We noticed some strong dependencies between variables thanks to the scatter plot. Those can deter the performance and robustness of several machine learning models. Skewness and kurtosis seem to be somehow related. A regression line can be fitted with the skewness as explanatory variable:

a, b = stats.linregress(data0["skew"],data0["kurtosis"])[:2]
plt.plot(np.arange(-2.5,2.5,0.05) ,b+a*np.arange(-2.5,2.5,0.05),'r')
plt.title('Simple linear regression')

Linear regression

The following result highlights a lack in the model.
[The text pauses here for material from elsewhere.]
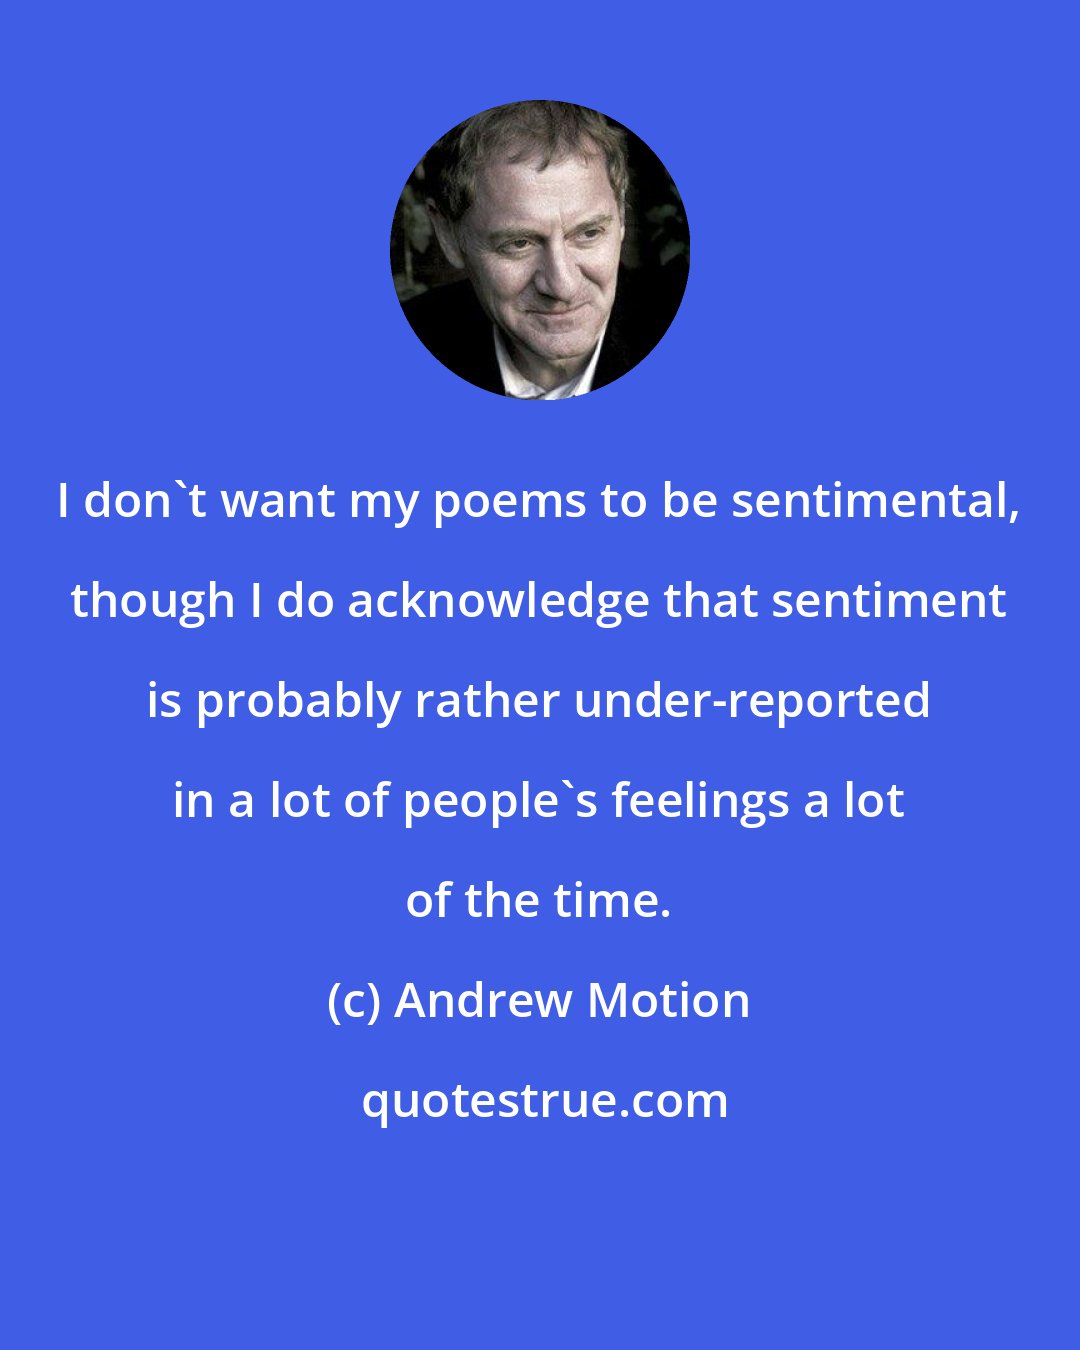 Andrew Motion: I don't want my poems to be sentimental, though I do acknowledge that sentiment is probably rather under-reported in a lot of people's feelings a lot of the time.

The slope and intercept seem to be biased by a dense cluster of points with the skewness between 1 and 2. The points with a low skewness are under-represented in the model and do not follow the trend of the regression line. A robust regression technique could correct this bias, but a polynomial regression is the most straight-forward method to capture a higher part of the variance here. The second-degree polynomial model can be written as:

y_hat = a*np.square(x) + b*x + c

and its coefficients can be determined through the minimization of least-square error in numpy:

a, b, c = np.polyfit(data0["skew"],data0["kurtosis"],deg=2)
plt.plot(np.arange(-15,15,.5),a*np.arange(-15,15,.5) * np.arange(-15,15,.5)+b*np.arange(-15,15,.5)+c,'r')
plt.title('2nd degree polynomial regression')

A polynomial regression yields a much better output with balanced residuals. The p-value for all coefficients is below the 1% confidence criterion. One strong drawback can however be noticed: the polynomial model predicts an increase in the kurtosis for skewness superior to 2, but there is no evidence for this statement in our data, so the model could lead to stronger errors.

The regression does not capture all the variance (and does not explain all underlying phenomena) of the Kurtosis, so a transformed variable has to be kept, which should be independent from the skewness. The most obvious value is the residual of the polynomial regression we performed.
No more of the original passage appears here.